Set down the data below in full and exactly, minus the pictures.

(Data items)

_ _ _

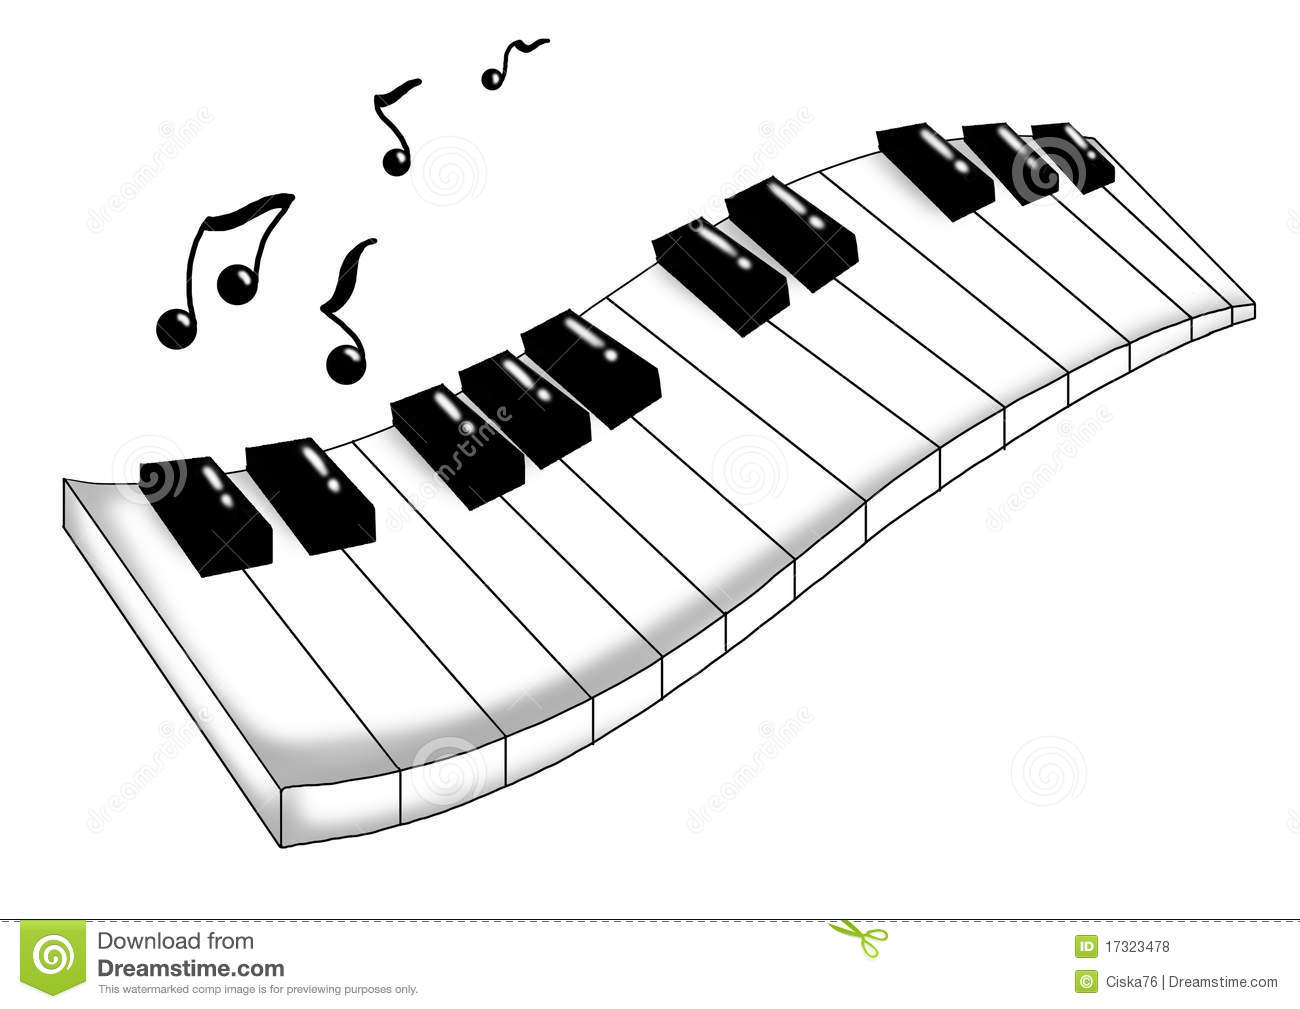 Music Keyboard Clipart.
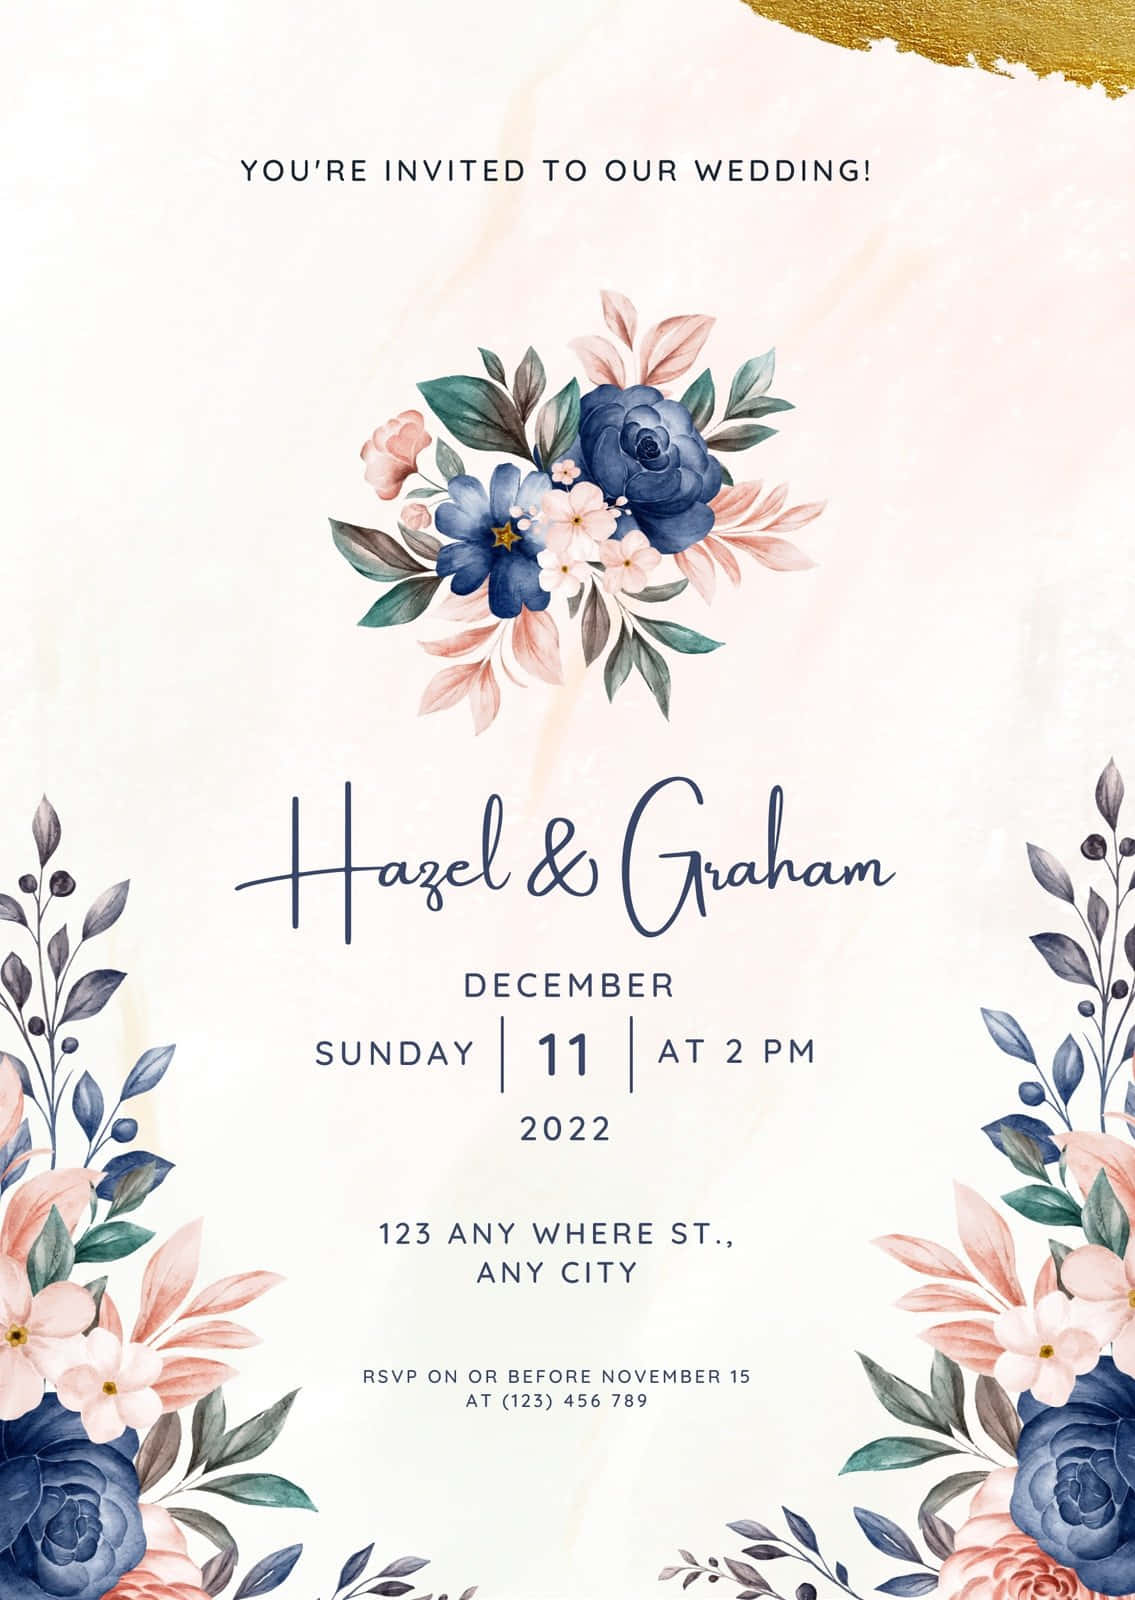 Rustic Floral Wedding Invitation Background
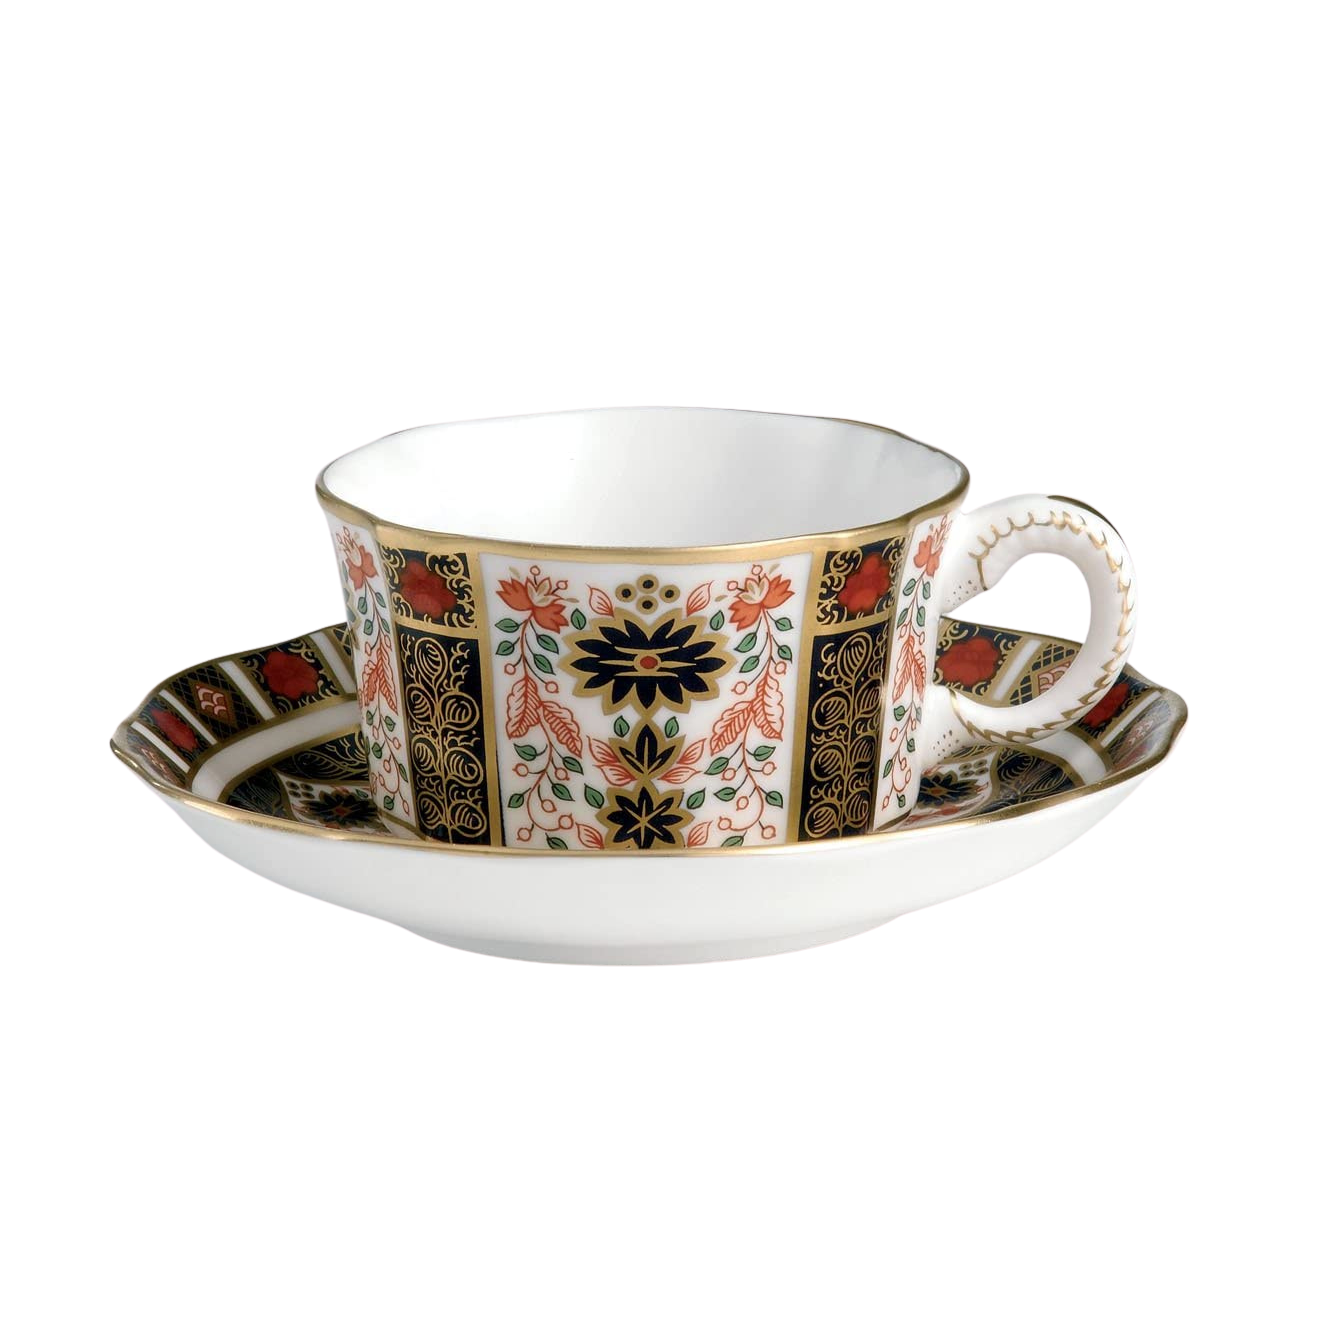 Old Imari Elizabeth - Teacup & Saucer (Royal Crown Derby) - Gallery Gifts Online 
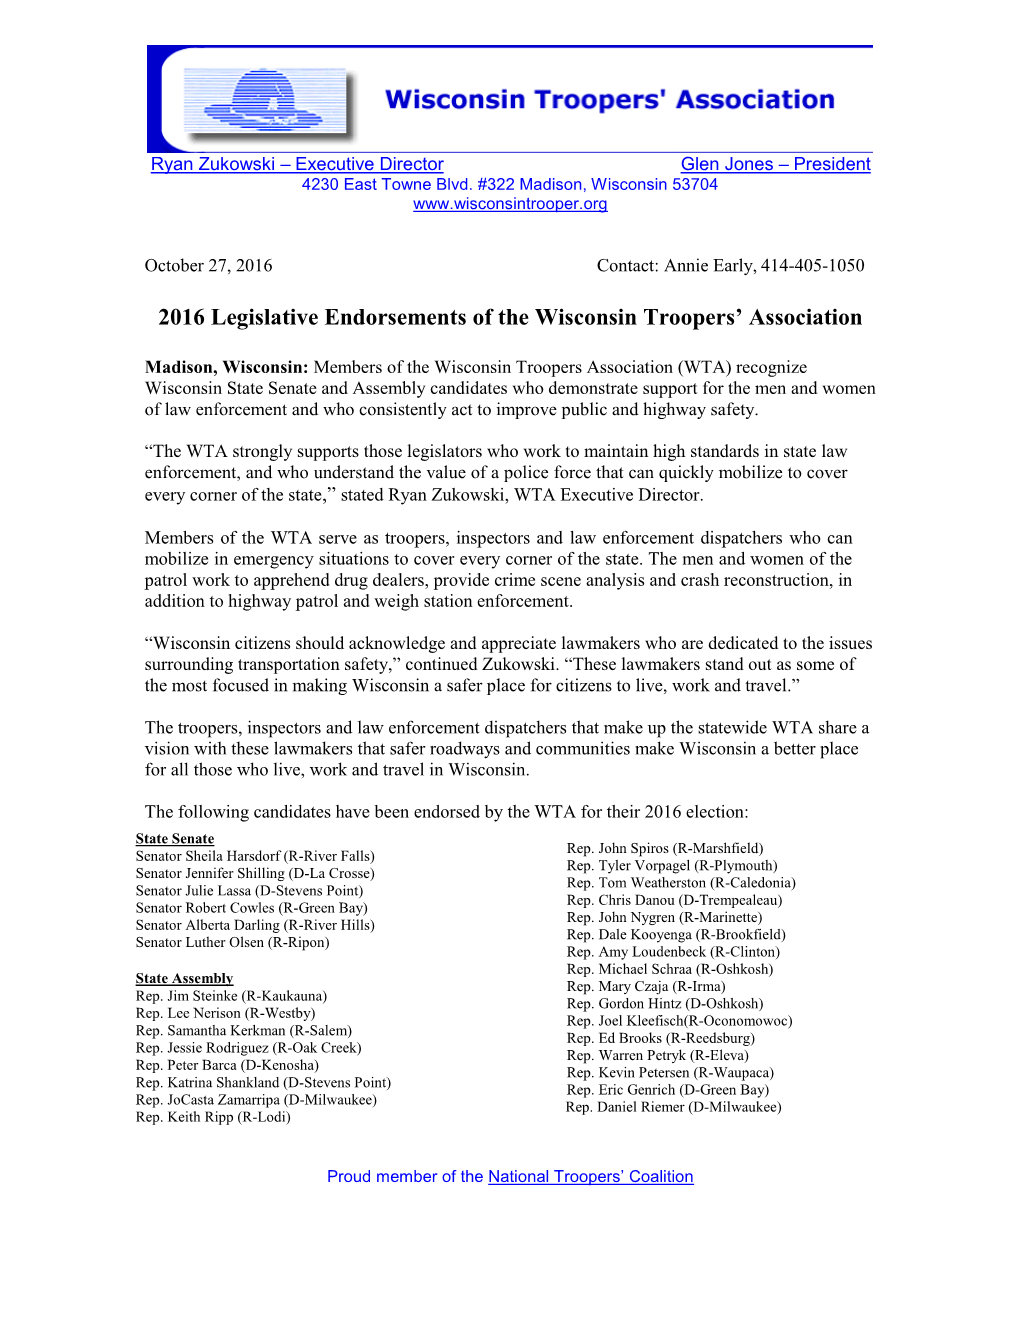 2016 Legislative Endorsements of the Wisconsin Troopers' Association
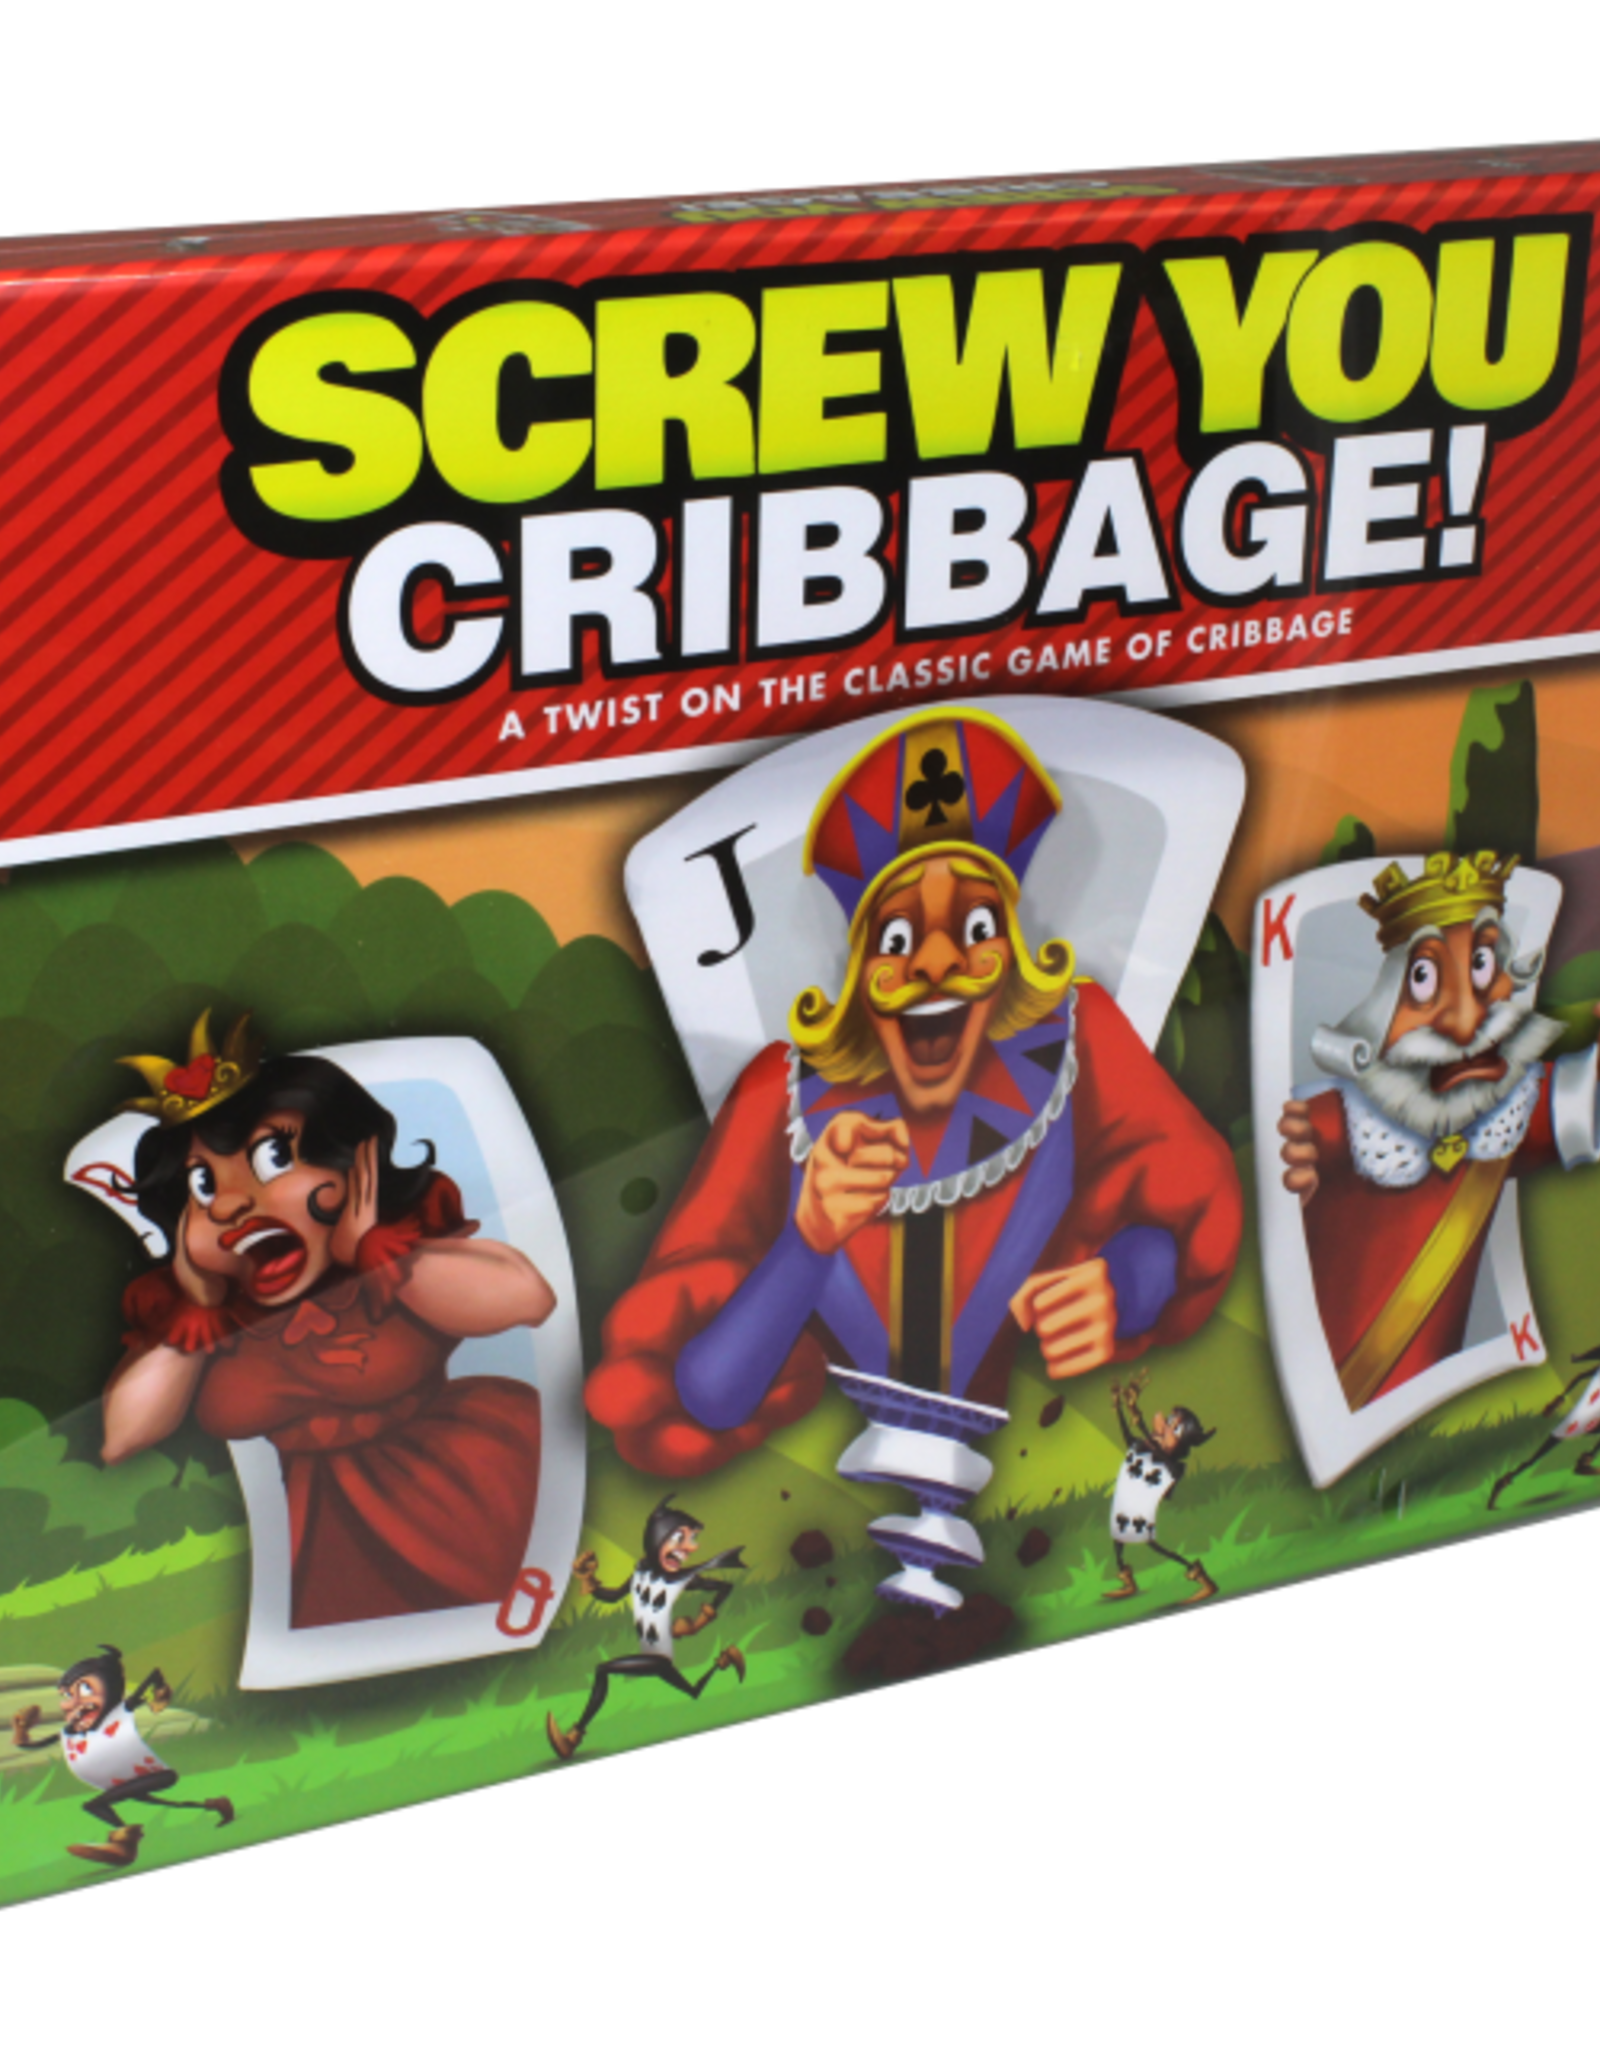 Screw you Cribbage Screw You Cribbage!

_ _ _

- EXERCISE RESPONSE:
 Music Keyboard Clipart.
 Rustic Floral Wedding Invitation Background
 Old Imari Elizabeth - Teacup & Saucer (Royal Crown Derby) - Gallery Gifts Online 
 2016 Legislative Endorsements of the Wisconsin Troopers' Association
 Screw you Cribbage Screw You Cribbage!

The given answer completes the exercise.